Absalom wrote:Largely from the lack of nose and tail reinforcements, right?
And the general shape, especially under load.
Absalom wrote:All good points, except that I would expect the actual rigging to consist of preparing the cargo-side lines first, grounding the Zeppelin when it arrives, and then quickly attaching the Zeppelin-side harness to the Cargo-side harness.
Ah, i detect a fundamental misunderstanding: Zeppelins do not "fly", so they do not "land". Zeppelins
sail, and they do this without so-called aerodynamic "weight". So you can´t just attach cargo without transferring gas.
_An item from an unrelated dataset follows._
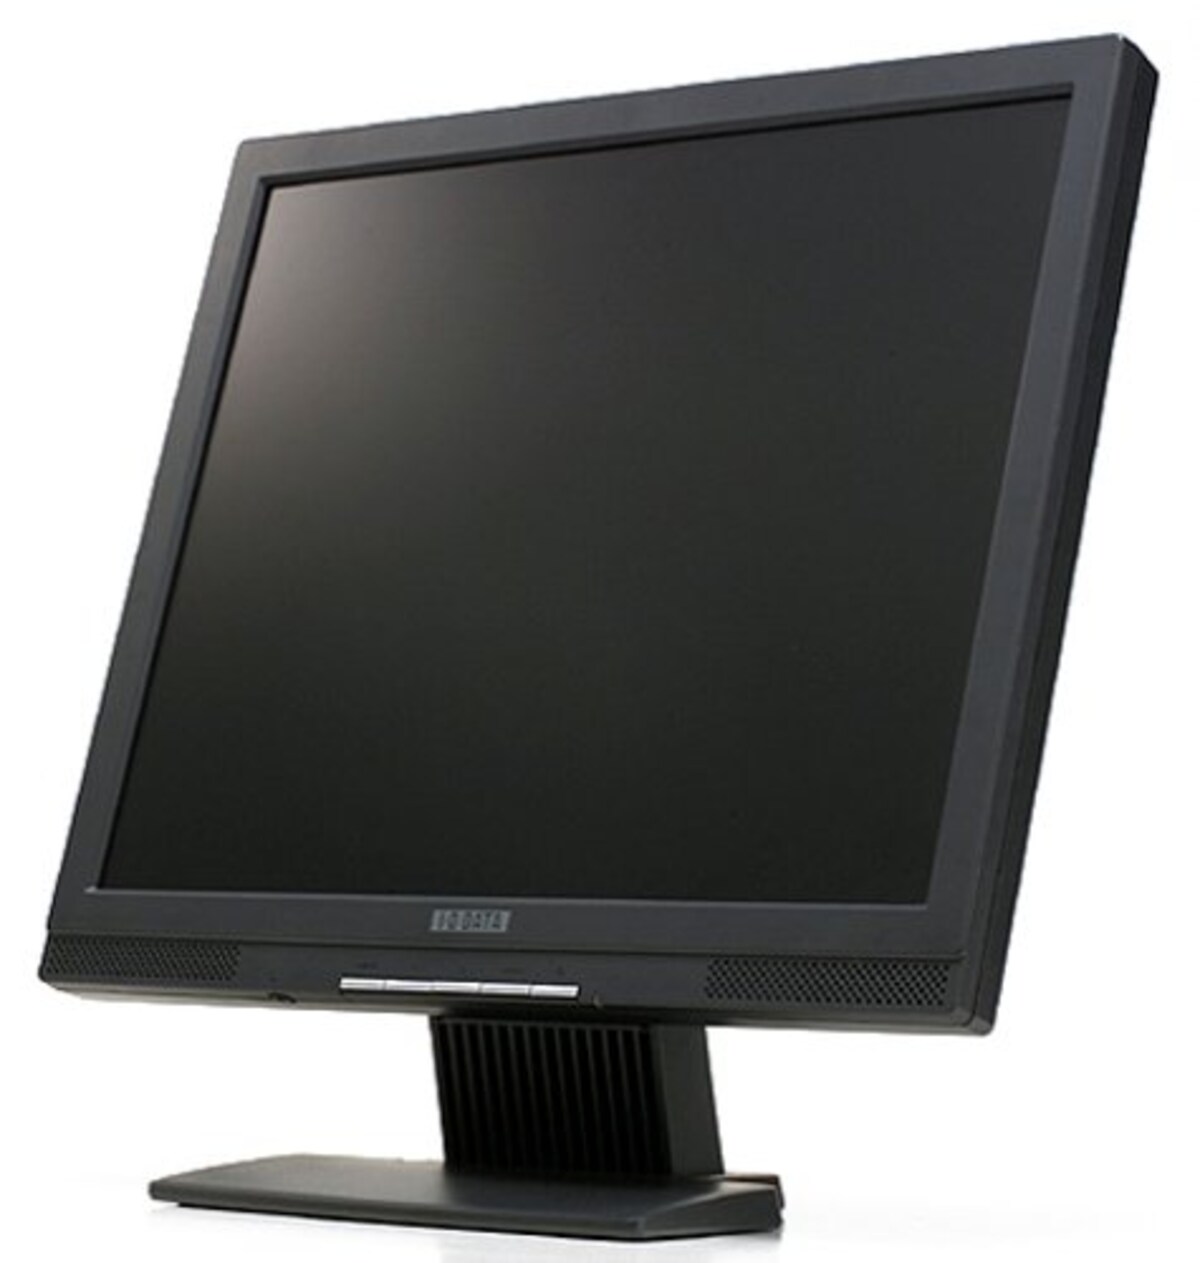 I-O DATA 17インチ液晶ディスプレイ LCD-A173VB ブラック (SXGA, アナログ, スピーカー内蔵)

And ballast is no solution, because where to get ballast from at the unloading site? When you can haul ballast, you can haul freight also. No need for a blimp then. This was also a fundamental flaw to the Cl.
And then: A Zeppelin is called "rigid" per definition, but in fact
it isn´t.
No chance of simply attaching a huge weight to a
point.
You have to distribute the weight over the better part of the whole length.
The CL would have "solved" this problem by it´s carbon-fiber backbone (which in reality doesn´t work, because there will never be autoclaves big/long enough to produce them; heck, detaaails!).
Absalom wrote:Yeah, I guess cheapo-blimps would make more sense for the actual carrying portion. And, for that matter, that would actually increase the cargo capacity of the zeppelin, in much the same way that barges (vastly) increase the carrying capacity of tugs.
Exactly. There are already commercial solutions for up to 75 metric tons of lift, and they´re used as cranes on very remote construction sites. With little modification they can be used as trailers.
Absalom wrote:Seriously, the Hindenburg was coated in "rocket" fuel, the hydrogen was just gasoline thrown onto an already-lit fire.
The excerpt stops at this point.